[Opening THE DATA section]

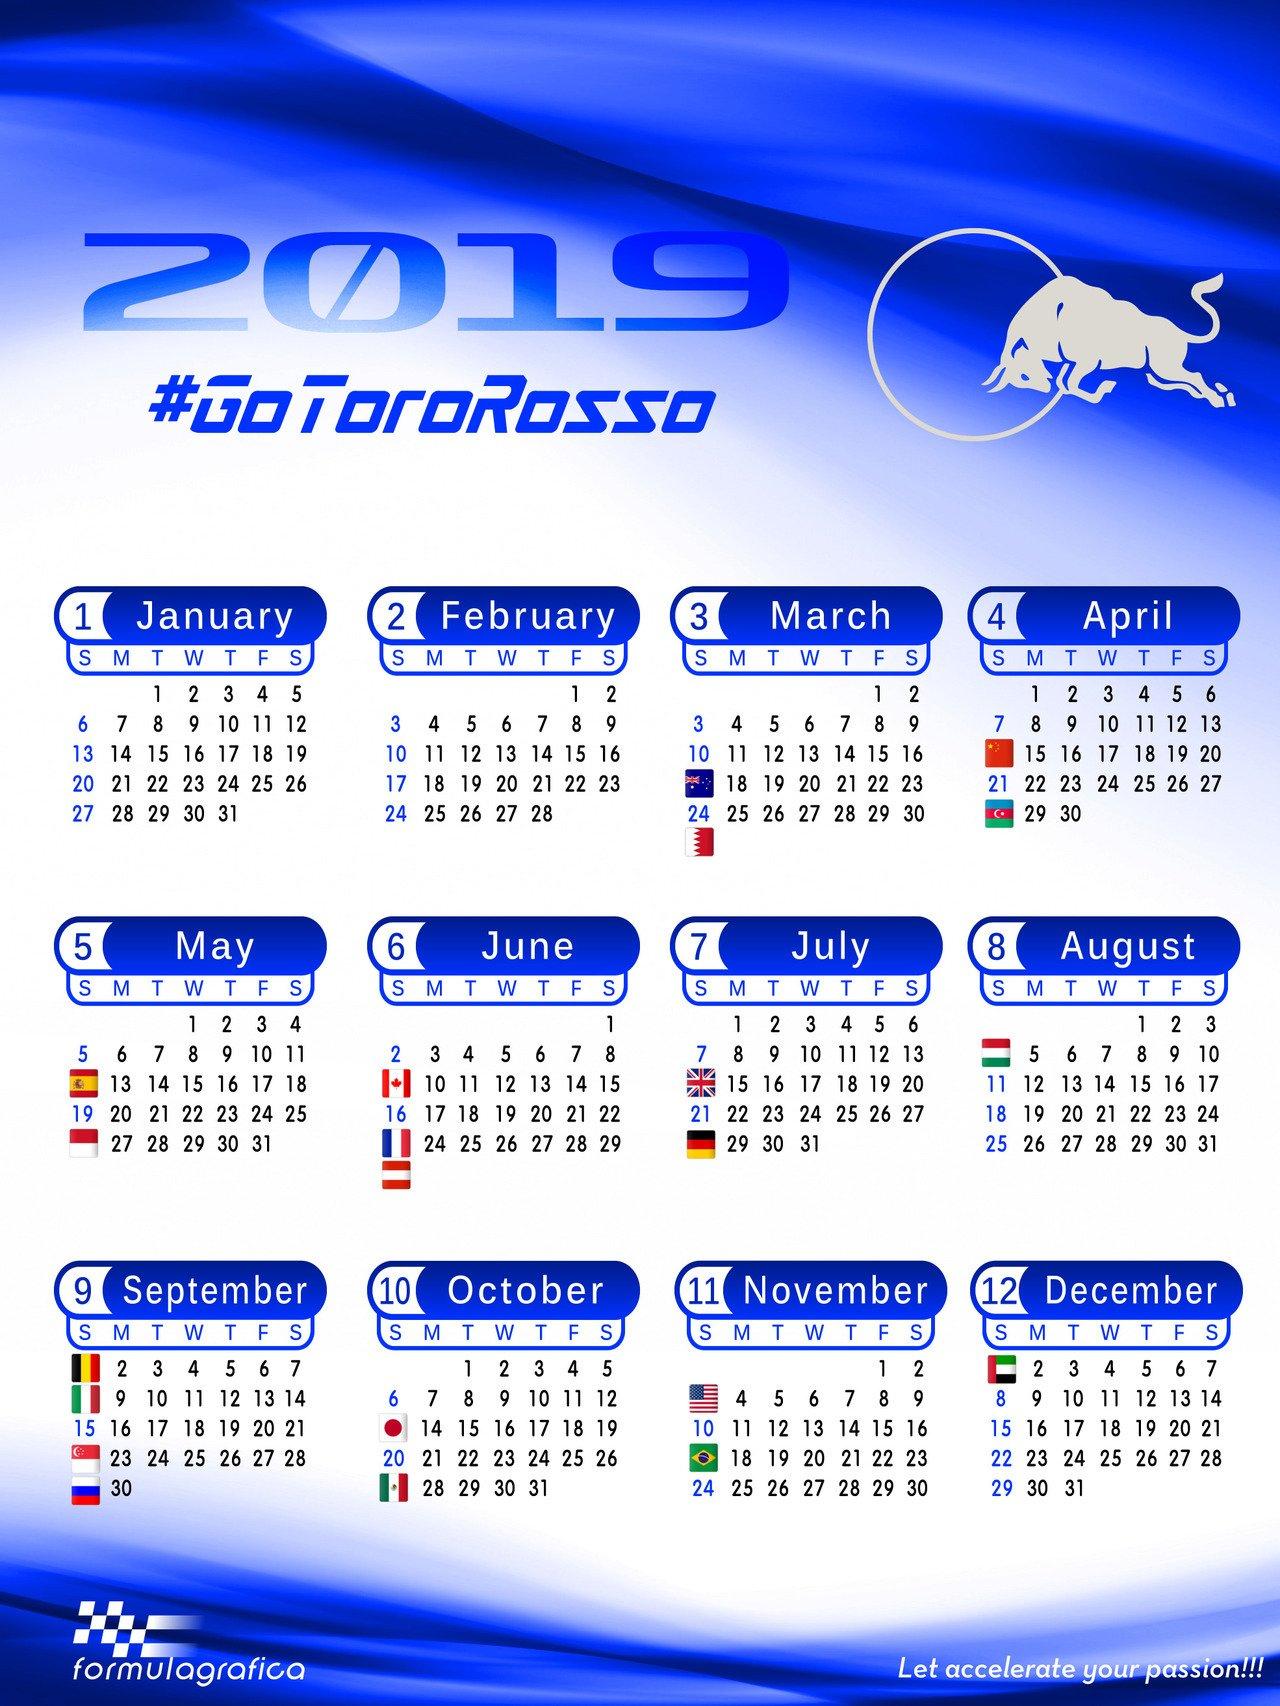 Formulagrafica — Calendar – 2019 Formula 1 Season – Scuderia Toro Formula 1 Calendar 2019 Tickets
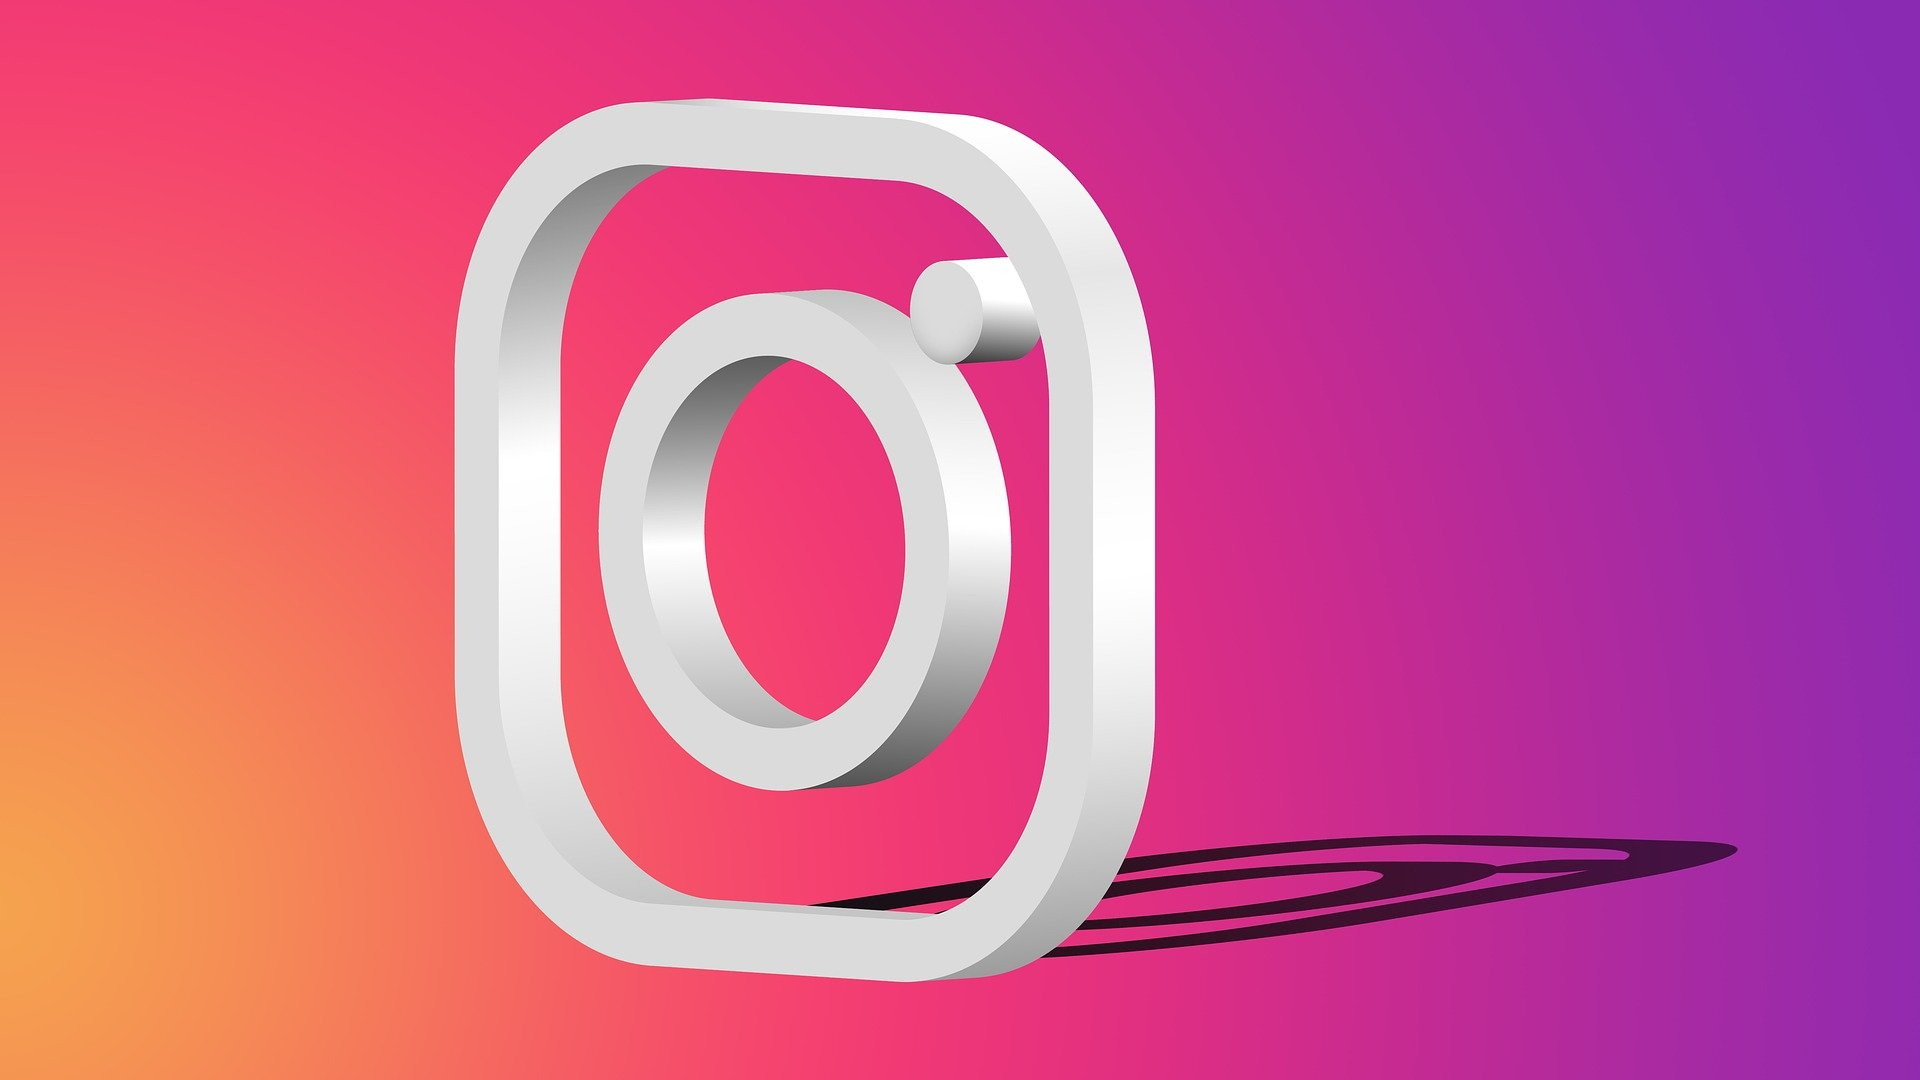 Instagram - Logo De Instagram - 1920x1080 - Download HD Wallpaper - WallpaperTip
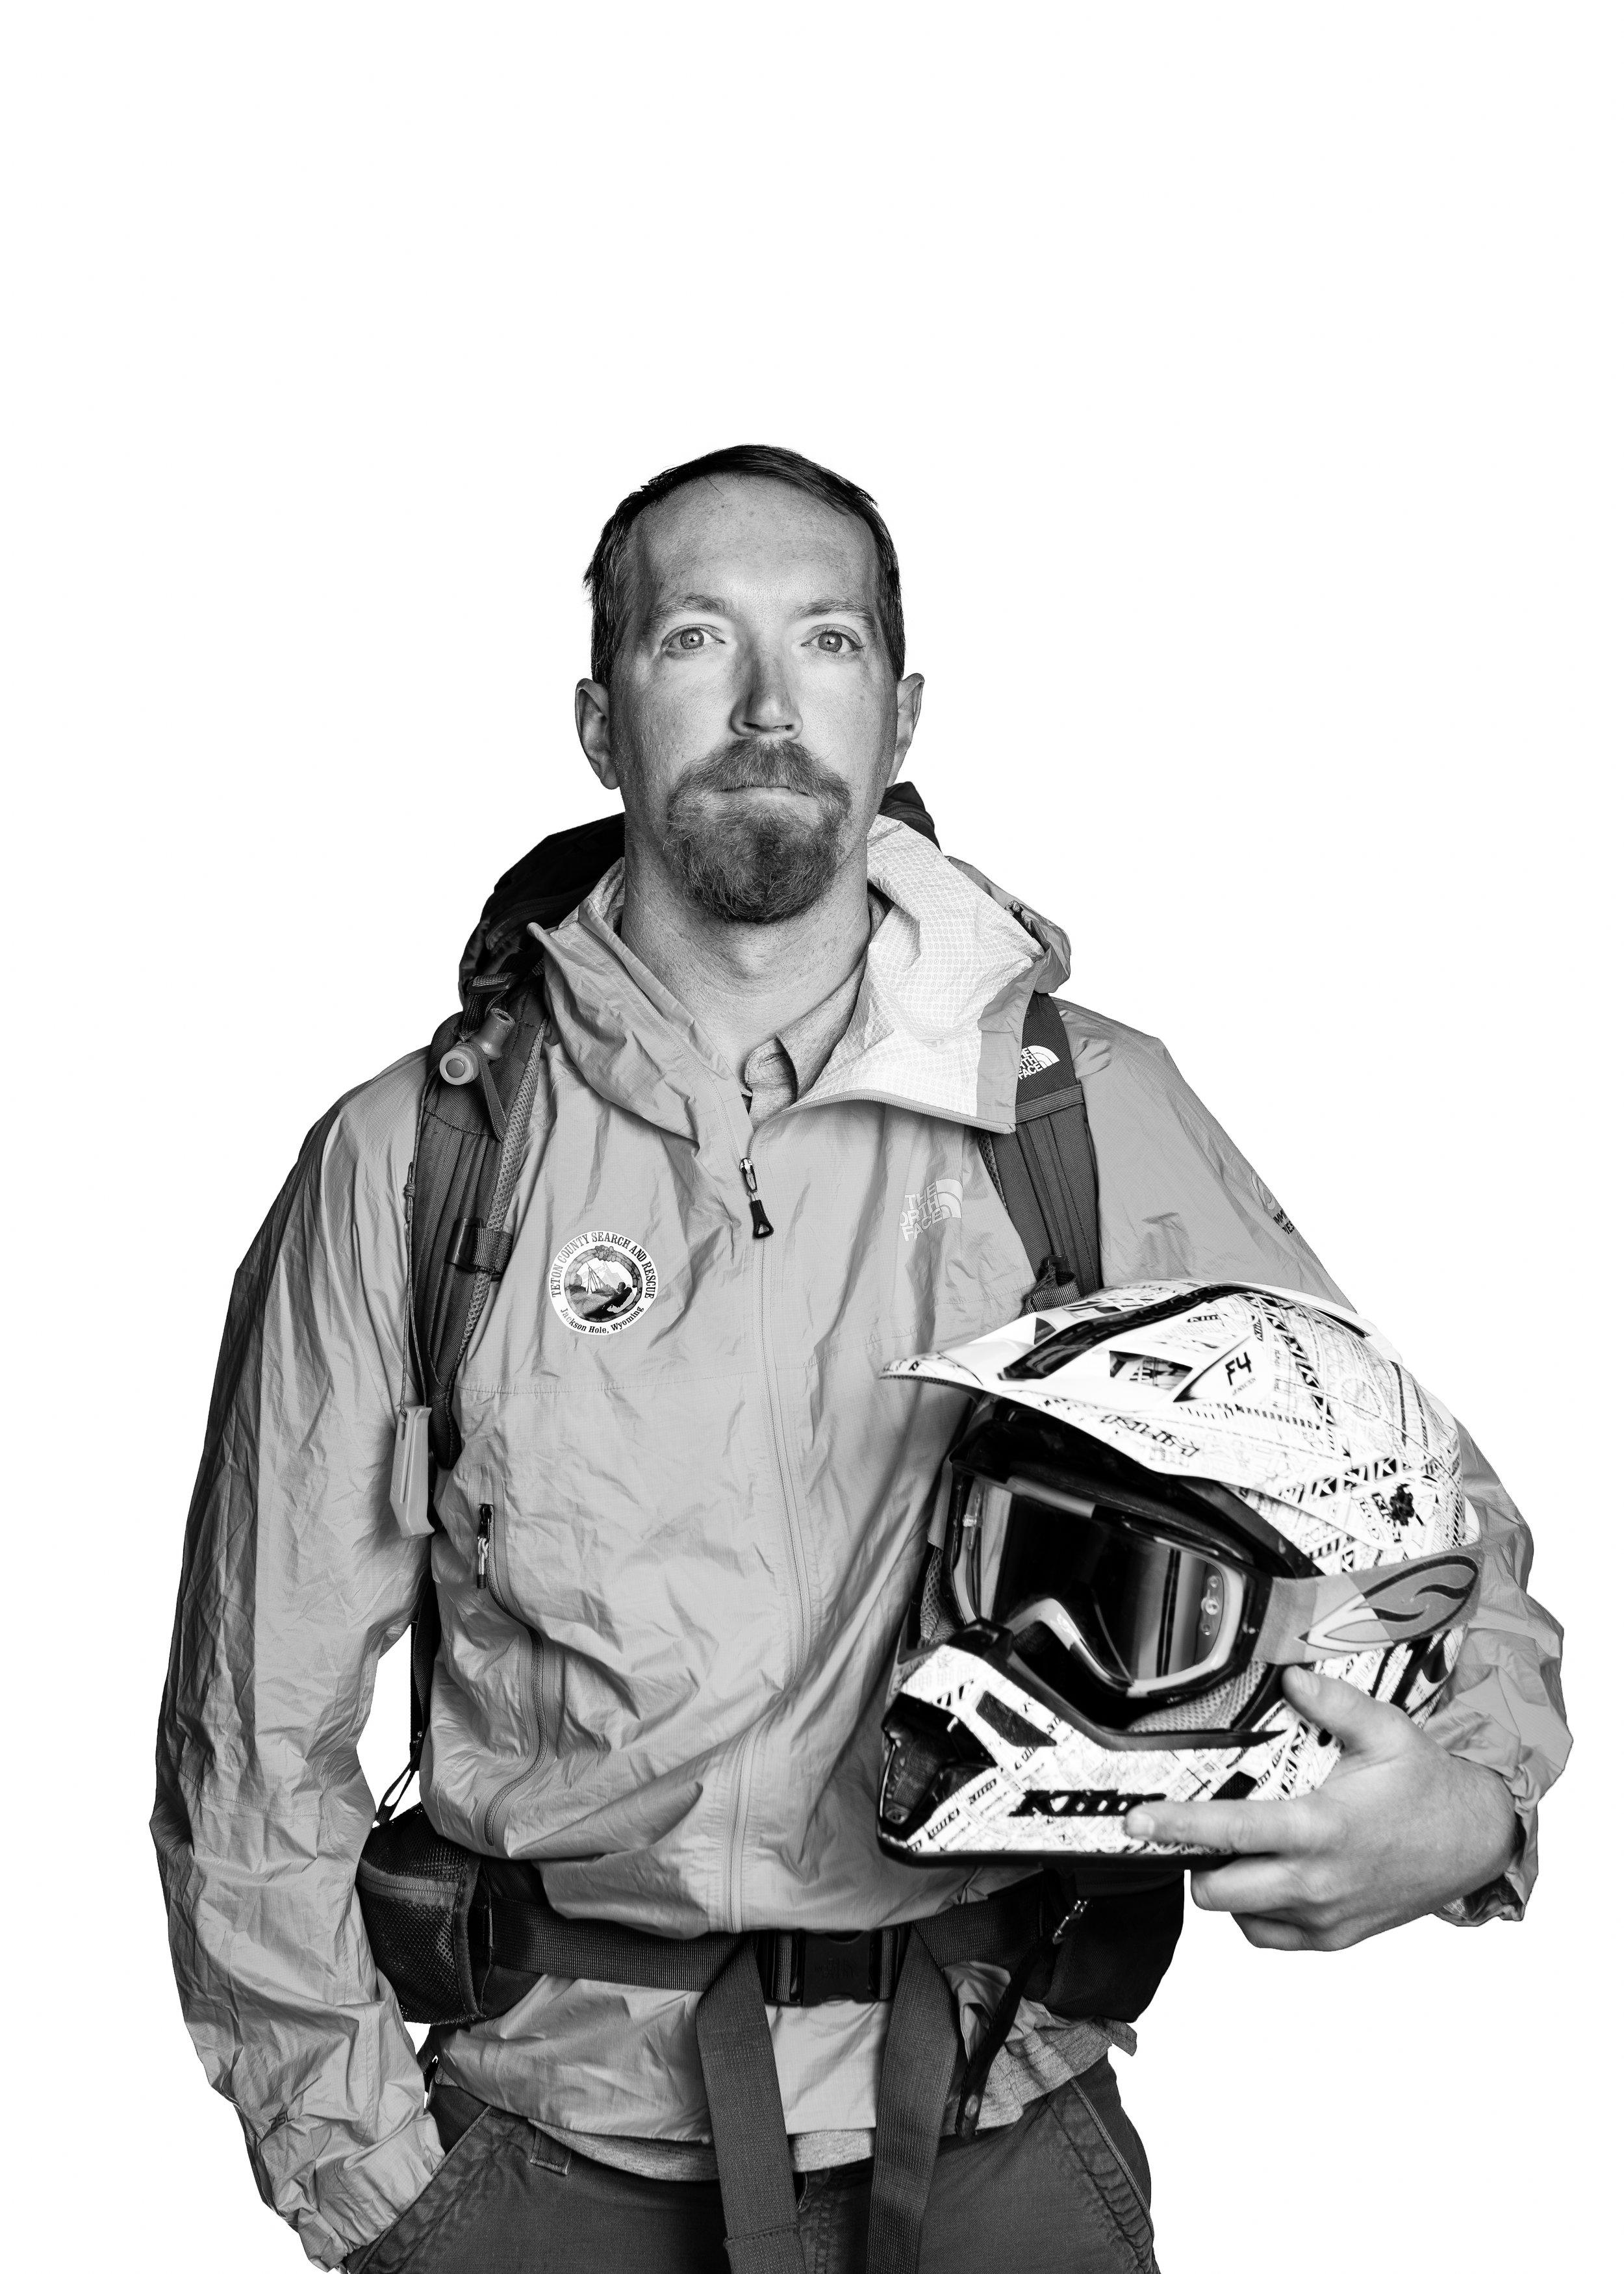 TCSAR volunteer Doug VanHouten

[Closing THE DATA section]

TASK DIRECTIONS: Everything in the material above is to be reproduced exactly, pictures aside.

REPLY:
 Formulagrafica — Calendar – 2019 Formula 1 Season – Scuderia Toro Formula 1 Calendar 2019 Tickets
 Instagram - Logo De Instagram - 1920x1080 - Download HD Wallpaper - WallpaperTip
 TCSAR volunteer Doug VanHouten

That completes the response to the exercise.